I try using the Union find method for this question but not passing this case, could somebody may be give me an insight to why that is?
find() : for find method there is path compression union() : for union there is union by rank
So far pass 108/113 cases Return 5 Expected 4
"""
[[1,1,0,0,0,0,0,1,0,1],
[1,1,0,0,0,0,0,0,0,0],
[0,0,1,0,0,0,1,0,0,0],
[0,0,0,1,0,0,0,0,0,0],
[0,0,0,0,1,0,0,0,0,0],
[0,0,0,0,0,1,0,0,0,0],
[0,0,1,0,0,0,1,1,0,0],
[1,0,0,0,0,0,1,1,0,0],
[0,0,0,0,0,0,0,0,1,1],
[1,0,0,0,0,0,0,0,1,1]]
"""
class UnionFind:
# How many cities there are going to be
def __init__(self, size):
self.root = [i for i in range(size)]
# rank used to help when union 2 trees
# join the shorter into the higher tree
# our tree does not increase height if possible
self.rank = [1] * size
def find(self, x):
"""Return the root of the vertex"""
if x == self.root[x]:
# We have reached the root node which
# has root equal itself
return x
parent = self.root[x]
# We recursively look up the branch
# to search for parent of parent till root
self.root[x] = self.find(parent)
return self.root[x]
def union(self, x, y):
rootX = self.find(x)
rootY = self.find(y)
# Now we compare to see which tree "rank higher"

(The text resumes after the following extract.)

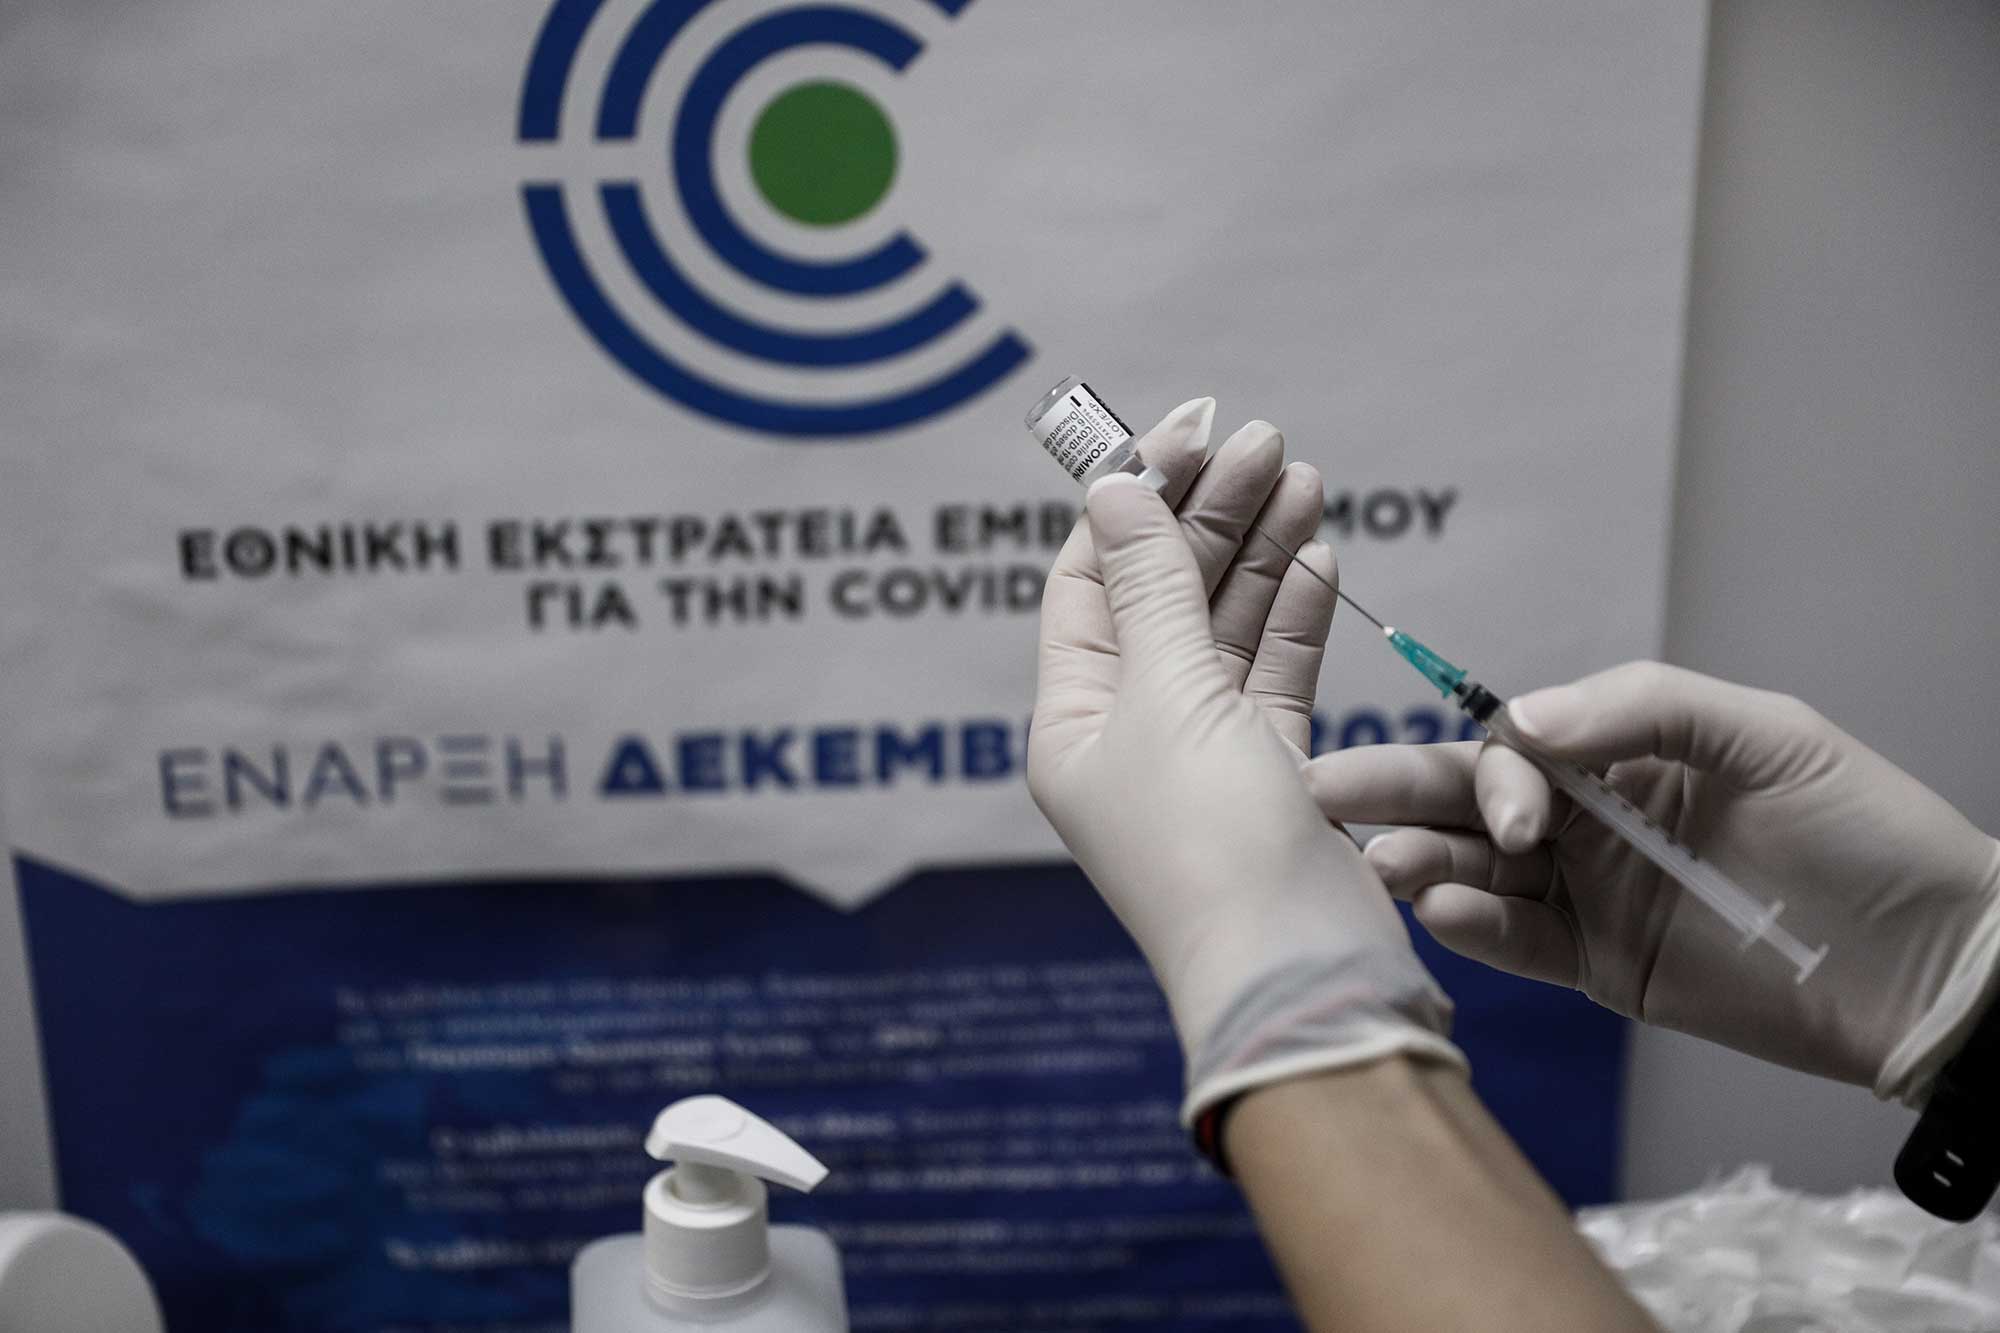 X. Χατζηχριστοδούλου στο Πρώτο: Οι εμβολιασμένοι πρέπει να έχουν διαφορετική μεταχείριση – Η απαγόρευση της κυκλοφορίας θα συνεχιστεί

# aka taller and we will add shorter tree to it
if self.rank[rootX] > self.rank[rootY]:
self.root[rootY] = rootX
elif self.rank[rootX] < self.rank[rootY]:
self.root[rootX] = rootY
else:
# When both tree have same height
# When choose either and increase
# the rank for that root
self.root[rootY] = rootX
self.rank[rootX] += 1
def is_connected(self, x, y):
"""Return whether 2 vertex has the same root aka connected"""
return self.find(x) == self.find(y)
class Solution:
def findCircleNum(self, M) -> int:
edges = []
side = len(M)
for row in range(side):
for col in range(side):
if M[row][col] == 1:
edges.append((row, col))
finder = UnionFind(side)
for x, y in edges:
finder.union(x, y)
return len(set([root for root in finder.root]))
Although launching find on every node in the union-find tree will solve the issue, it is more efficient to just count the number of actual roots, i.e. those nodes that have a self-reference via the root attribute:
return sum(1 for x, root in enumerate(finder.root) if x == root)
There is no need now to execute find to collapse the whole tree. Also it is not needed to create a set, as it is guaranteed that the found x are unique. And finally, it is not needed to turn that iterator into a list. Counting the number of items in the iterator is enough.